Dossiê de 234 páginas compilado pela campanha de Trump está recheado de alegações infundadas.
Ricardo Ramos 13 de Novembro de 2020 às 08:45
Donald Trump
Donald Trump FOTO: Reuters
O dossiê de 234 páginas compilado pela campanha de Trump com testemunhos e denúncias de alegada fraude eleitoral está recheado de acusações infundadas e alegações bizarras que dificilmente serão aceites em tribunal.

Apresentado pela secretária de Imprensa da Casa Branca como uma das armas que a campanha de Trump vai usar para contestar os resultados eleitorais em vários estados, o dossiê inclui dezenas de relatos juramentados de testemunhas e observadores republicanos a denunciar irregularidades a que, alegadamente, assistiram na contagem dos votos. No entanto, por entre denúncias de votos em nome de pessoas mortas ou vários boletins com a mesma assinatura, surgem relatos bizarros. Uma das testemunhas diz, por exemplo, ter “achado estranho” o facto de tantos militares terem votado em Joe Biden.

“Pensava que os militares eram conservadores”, diz no seu depoimento. Outro alega que muitos dos observadores independentes que estavam na sala “eram liberais ou radicais de esquerda”. “Pude constatá-lo ao conversar com eles e ver que apoiavam a Zona Autónoma de Seattle, eram condescendentes com a onda de crime ou gostariam de viver em Brooklyn”, afirma. Outros, ainda, alegam que os funcionários das mesas de voto “tinham camisolas do movimento Black Lives Matter”.
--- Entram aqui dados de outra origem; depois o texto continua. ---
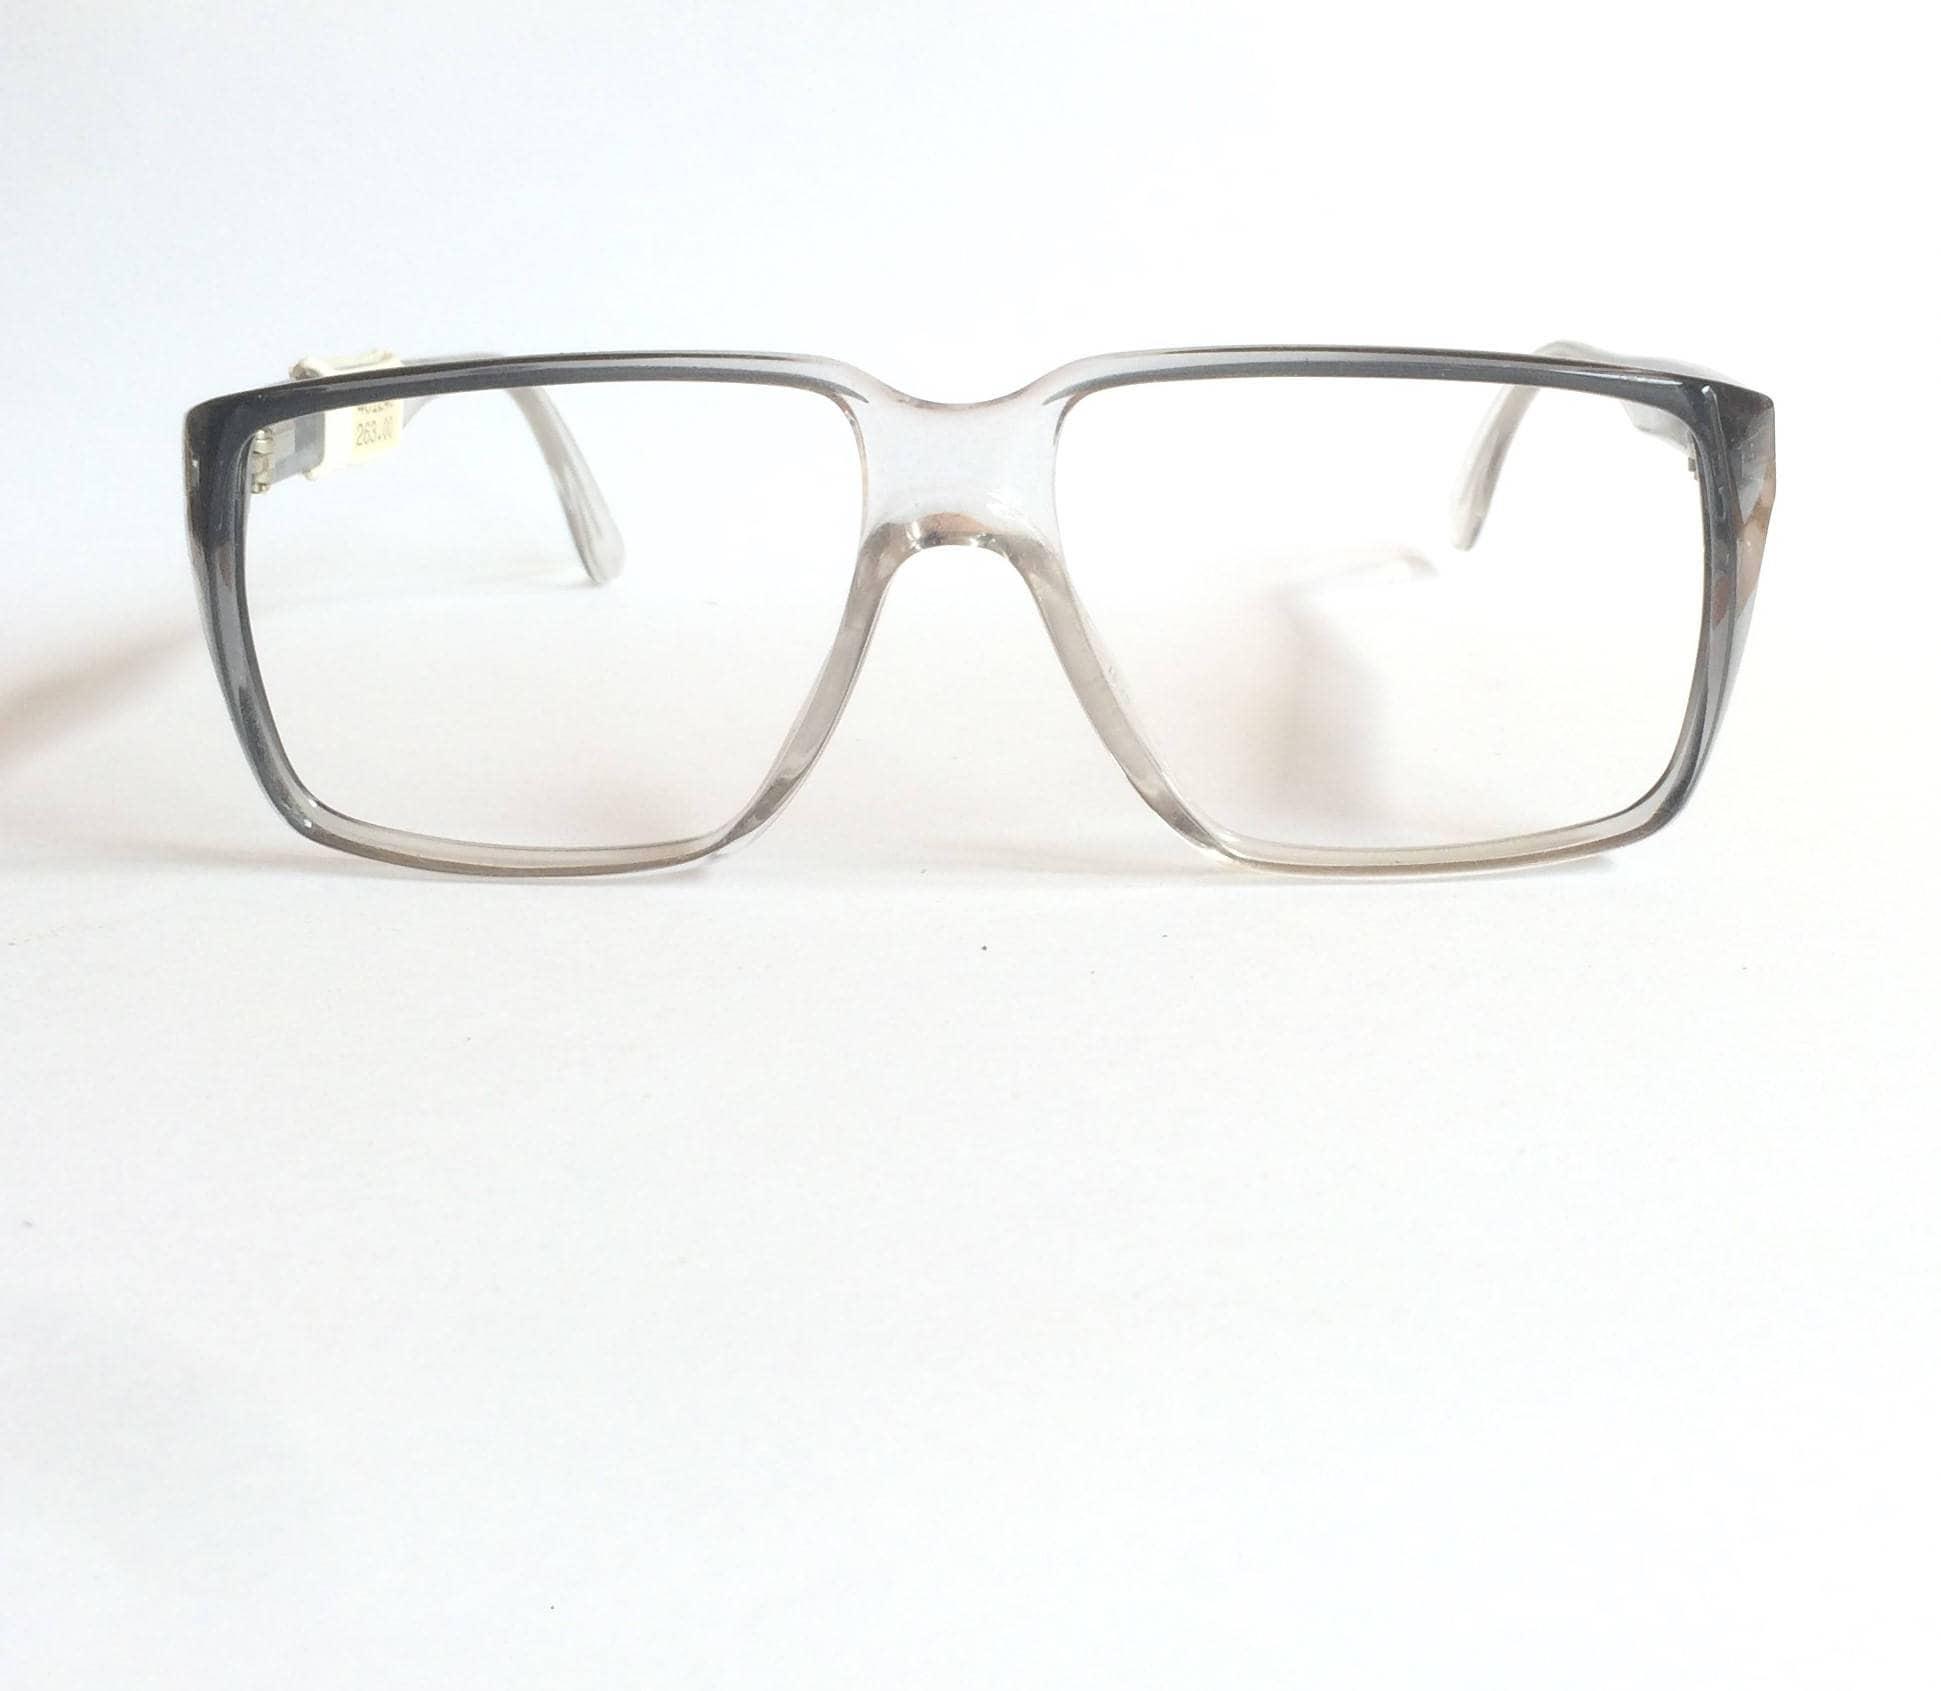 Deadstock vintage Rodenstock Exclusiv 365 Flat Top Glasses Grey ...

Mensagens de líderes mundiais bloqueadas
O Departamento de Estado recusou entregar a Joe Biden dezenas de mensagens de felicitações enviadas por líderes mundiais, diz a CNN. A decisão está relacionada com a recusa da Administração Trump em reconhecer Biden como presidente-eleito e iniciar o processo de transição.

Ron Klain vai ser o braço-direito de Biden
Joe Biden anunciou esta quinta-feira que o seu conselheiro de longa data Ron Klain será o chefe de Gabinete da Casa Branca, naquela que é a primeira nomeação para a sua futura equipa. Klain, de 59 anos, já tinha sido chefe de gabinete de Biden quando era vice-presidente, e liderou a resposta da Administração Obama à epidemia de ébola em 2014, pelo que é visto como uma figura essencial na estratégia do novo presidente contra a pandemia.

PORMENORES
Sanders “aceitaria” cargo
Um dos nomes mais falados para integrar a próxima Administração é o do senador Bernie Sanders, derrotado por Joe Biden nas Primárias democratas. Questionado pelos jornalistas, Sanders disse que aceitaria ser secretário do Trabalho se fosse convidado por Biden.

“Trump está a fazer teatro”
Fonte da Casa Branca disse à NBC News que Trump “sabe que perdeu”, mas está a “fazer teatro” para não defraudar os seus apoiantes. “Ele acha que eles merecem que ele lute até ao fim”, disse a fonte.